1. When you initially create your task in the call to DAQmx Create Virtual Channel, there's an input for 'line grouping' that you left unwired.  I would advocate that you declare this explicitly so you don't have to remember the default or count on it never changing.

    It will probably be simplest for you to choose the non-default 'one channel for each line' option.   With 3 digital lines in your task, it will be considered to have 3 digital channels of 1 line each.

 

2. You call DAQmx Timing for Continuous Sampling.  That will create a task buffer.  You'll get some default size since you didn't wire the input 'samples per channel'.  Creating a constant from the terminal suggests this might be 1000 samples.

 

3. You register for a "DAQmx Signal Event" of "Change Detection" type.so you can get notified of rising edges on any of your digital lines via an application-level software event.  I'm being careful with terms here because there is a related, but *distinct*, hardware-level change detection event that be routed around as a hardware timing signal.

   I'm also going to be a little cautious about these 2 distinct things.

 

4. I happen to know from some work well over a decade ago that there's a max possible rate for hardware-level change detection events to be fired.  As I recall, it might have been somewhere in the 5 MHz realm on the hardware I was using.  I had a test system where several digital lines that should *nominally* transition at the same time would actually have transitions about 100 nanosec apart or so.

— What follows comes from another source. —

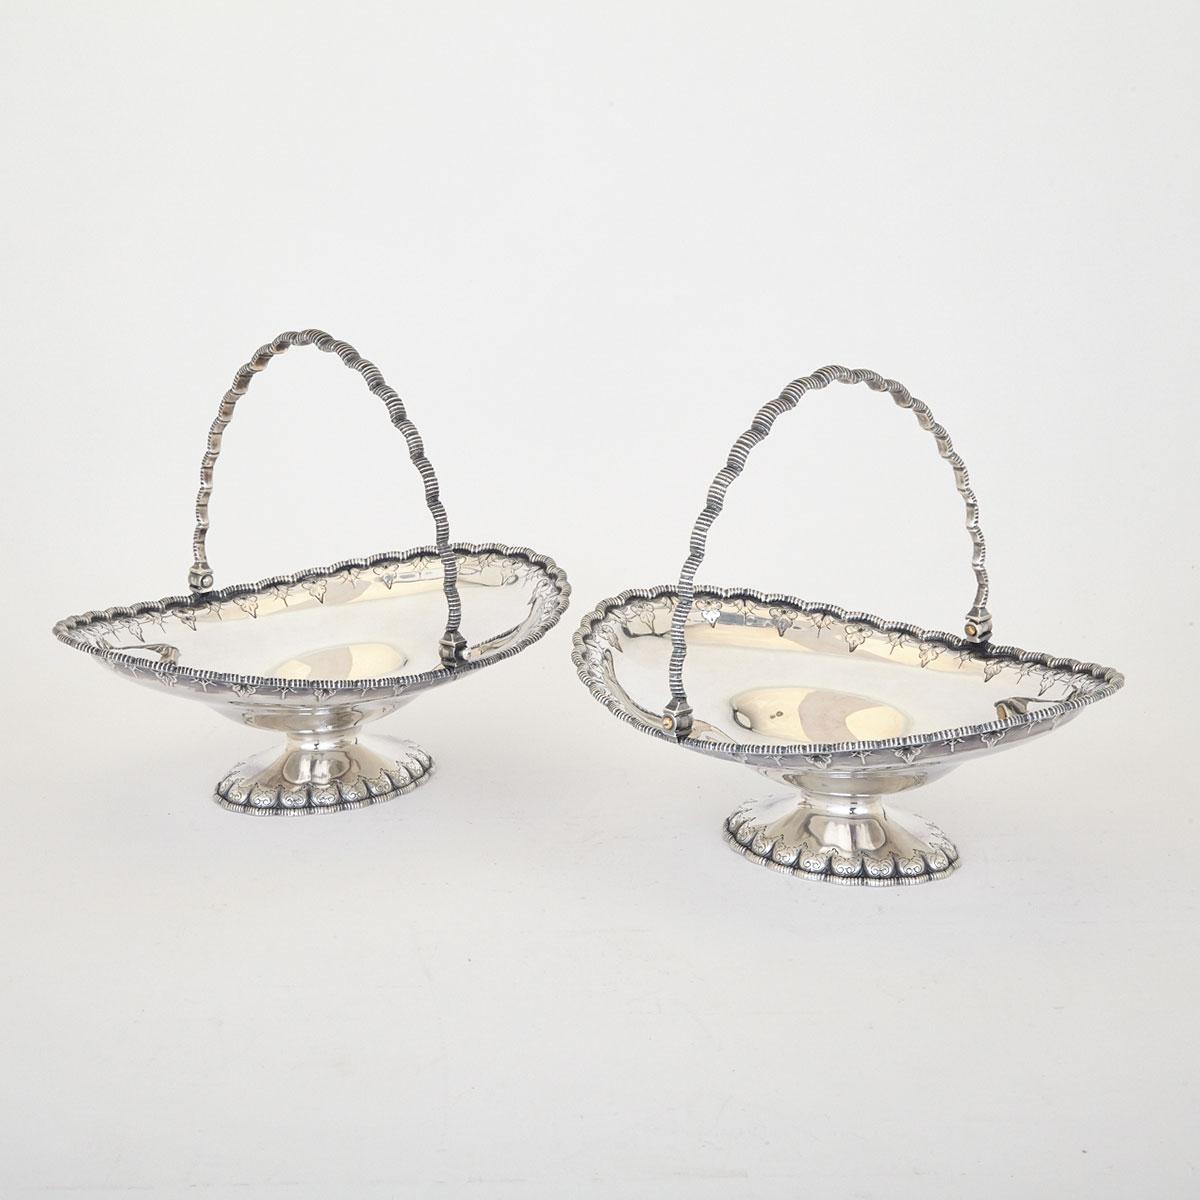 Pair of American Silver Cake Baskets, Grosjean & Woodward for Tiffany & Co., New York, N.Y., c.1854

   Consequently, I might have a fast ripple of 3 actual transitions that only produced 1 hardware-level change detection event.  I had to code differently as a result because I wouldn't necessarily be buffering up a distinct sample for each individual transition.

 

5. I can't speak from experience about the application-level change detection events, but I would be suspicious that they might *also* have some limit on their firing rate.  I would certainly look to test it out rigorously rather than make assumptions.

 

6. And so because of all that, the way you read and process your digital data inside your event case might need some special consideration.

 

7. Most importantly, I wouldn't count on being able to DAQmx Read 1 single sample for each application-level event and be *certain* I was keeping up with the latest hardware-level samples.  Instead, I'd ask for multiple samples, feed in the magic number -1 which means "give me all the samples in the buffer now", and work from there.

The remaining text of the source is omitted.